# Exercise directions
Would you please transcribe the listing exactly, with no images?

# Data below
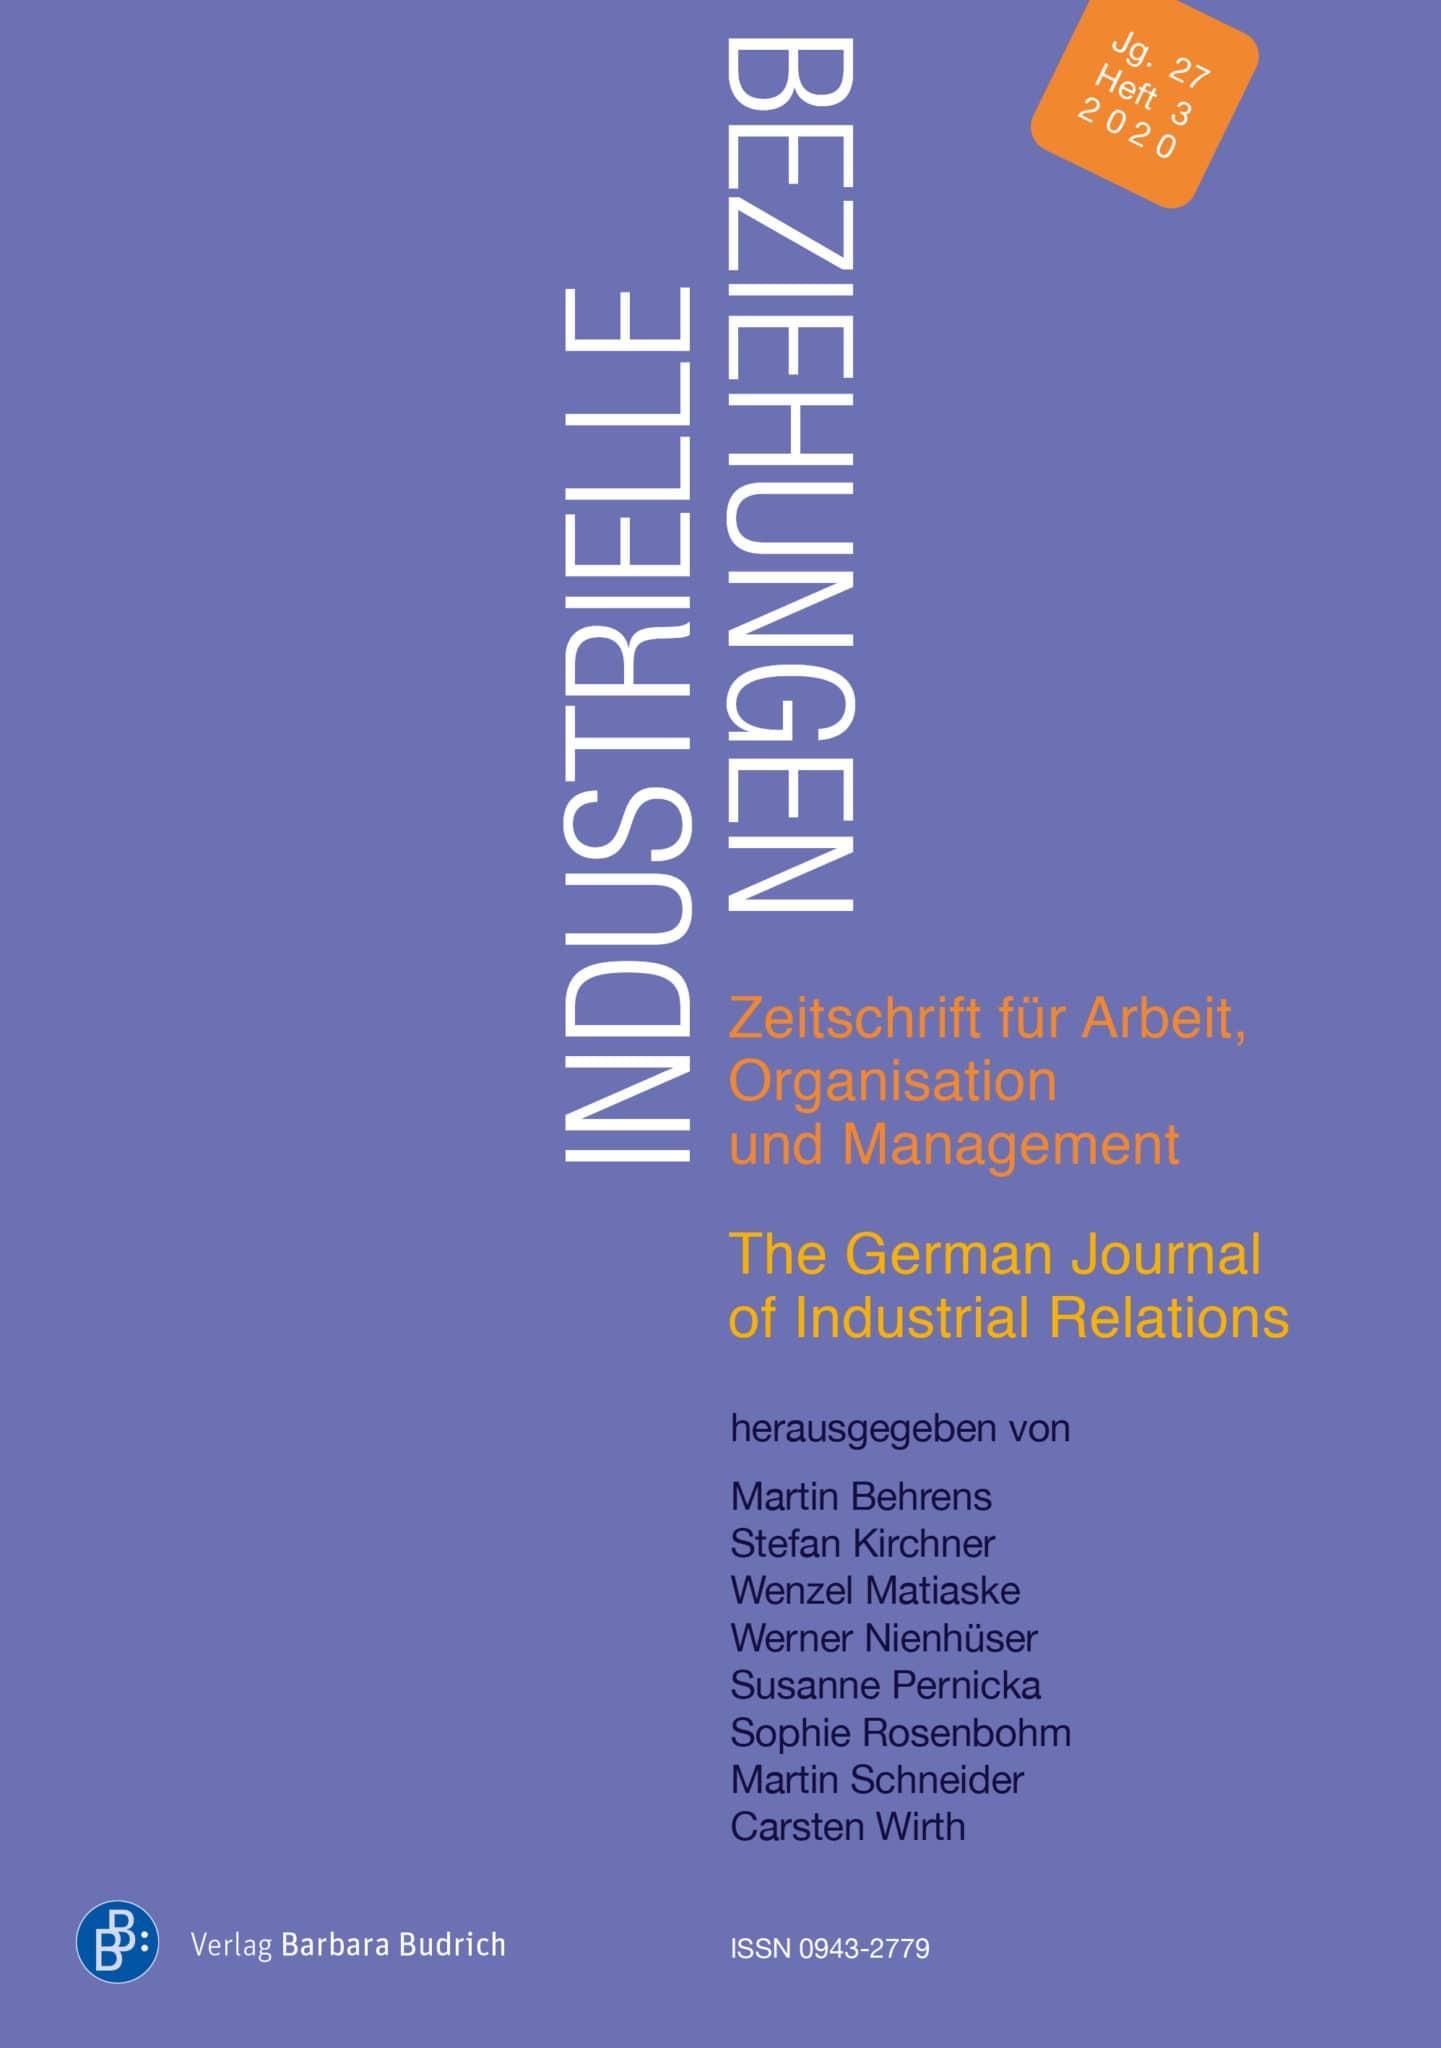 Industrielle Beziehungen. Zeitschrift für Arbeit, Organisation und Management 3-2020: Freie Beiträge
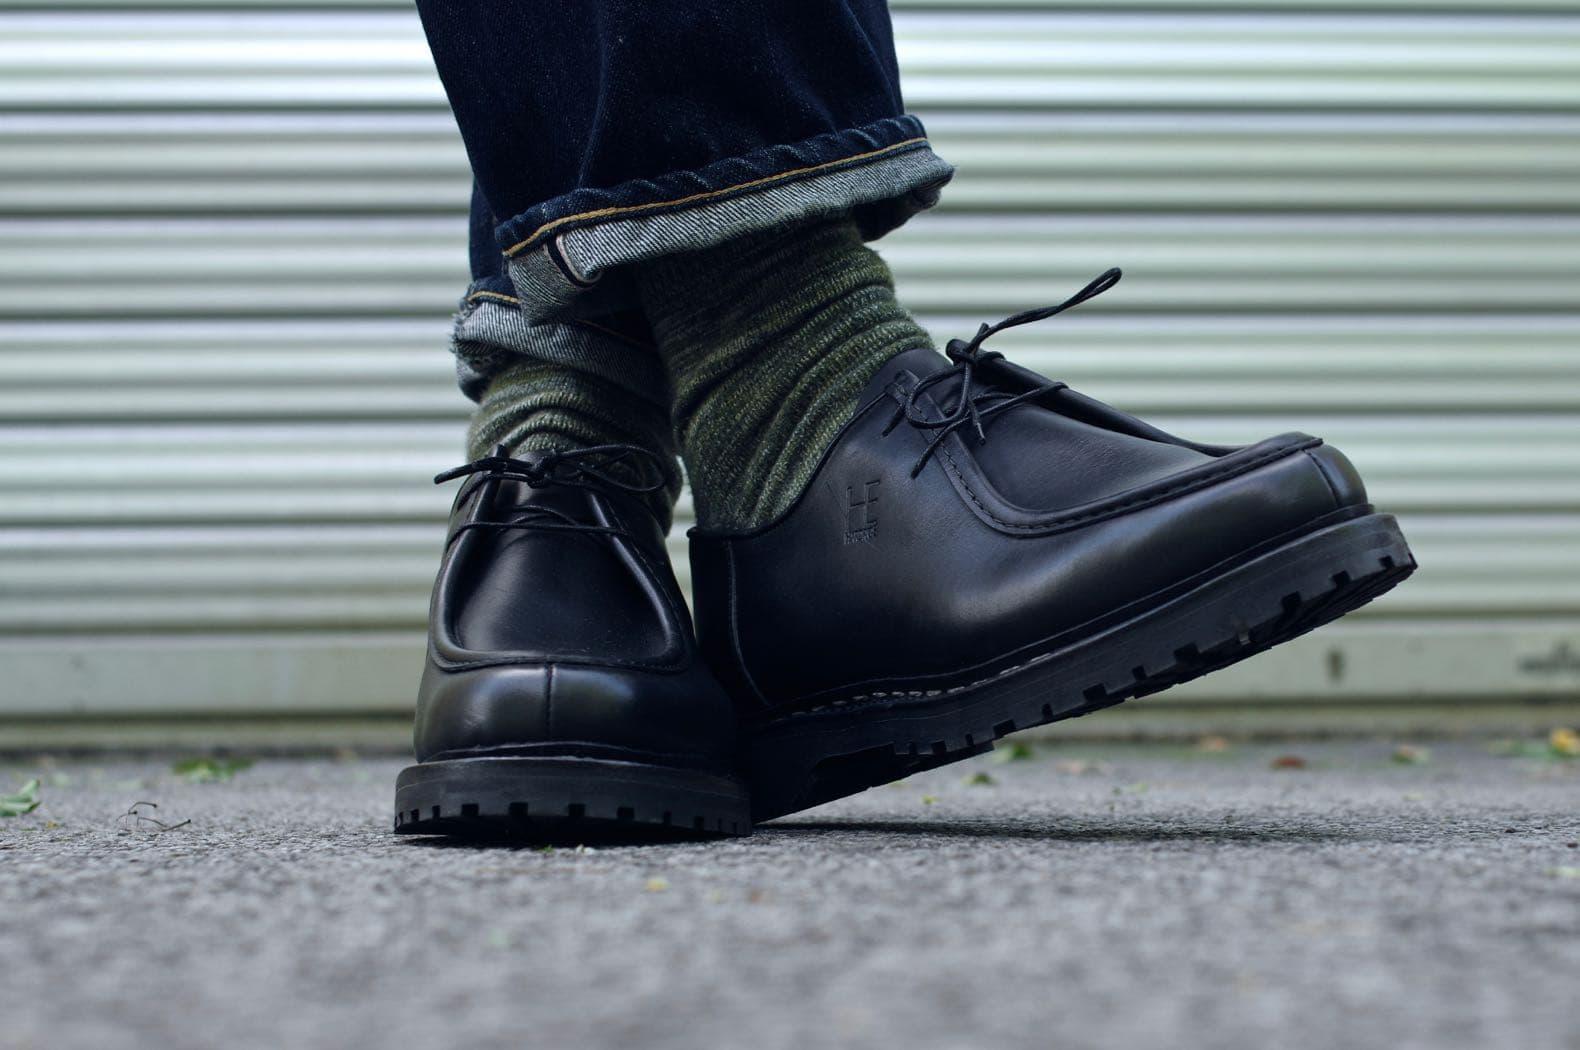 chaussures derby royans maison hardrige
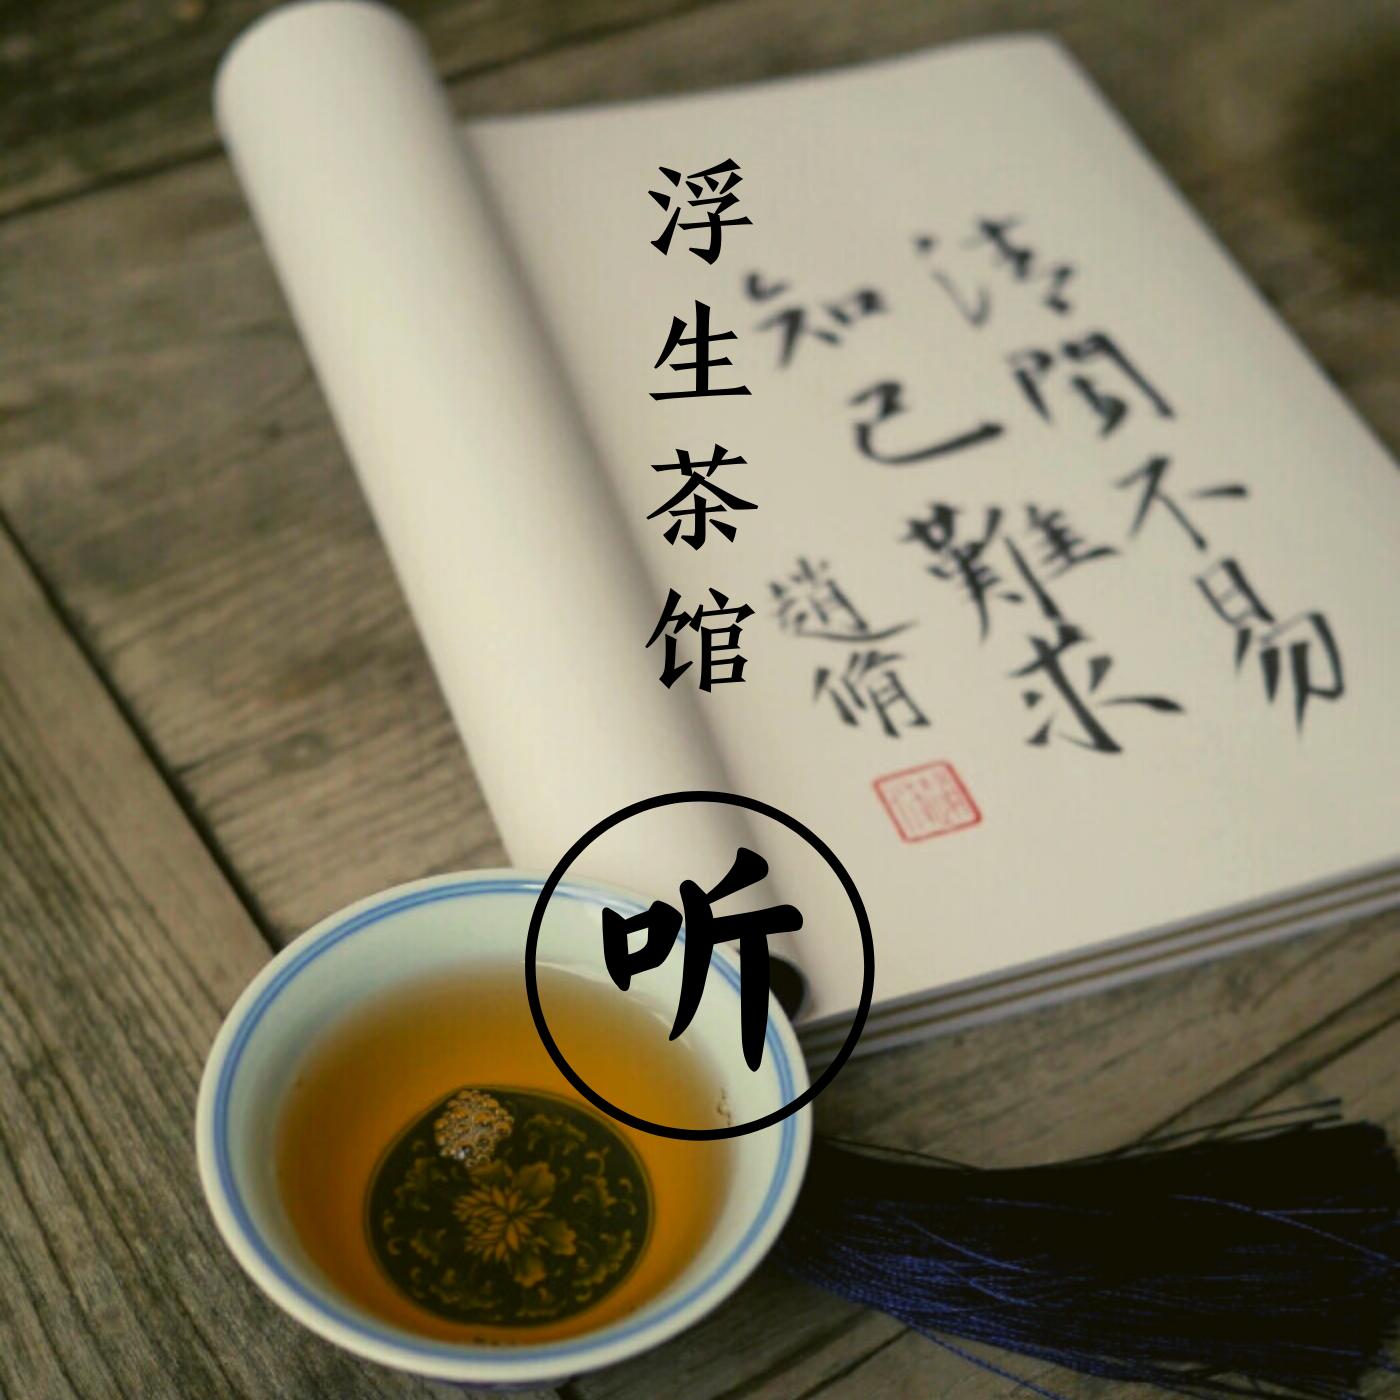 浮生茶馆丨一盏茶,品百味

# Answer section
 Industrielle Beziehungen. Zeitschrift für Arbeit, Organisation und Management 3-2020: Freie Beiträge
 chaussures derby royans maison hardrige
 浮生茶馆丨一盏茶,品百味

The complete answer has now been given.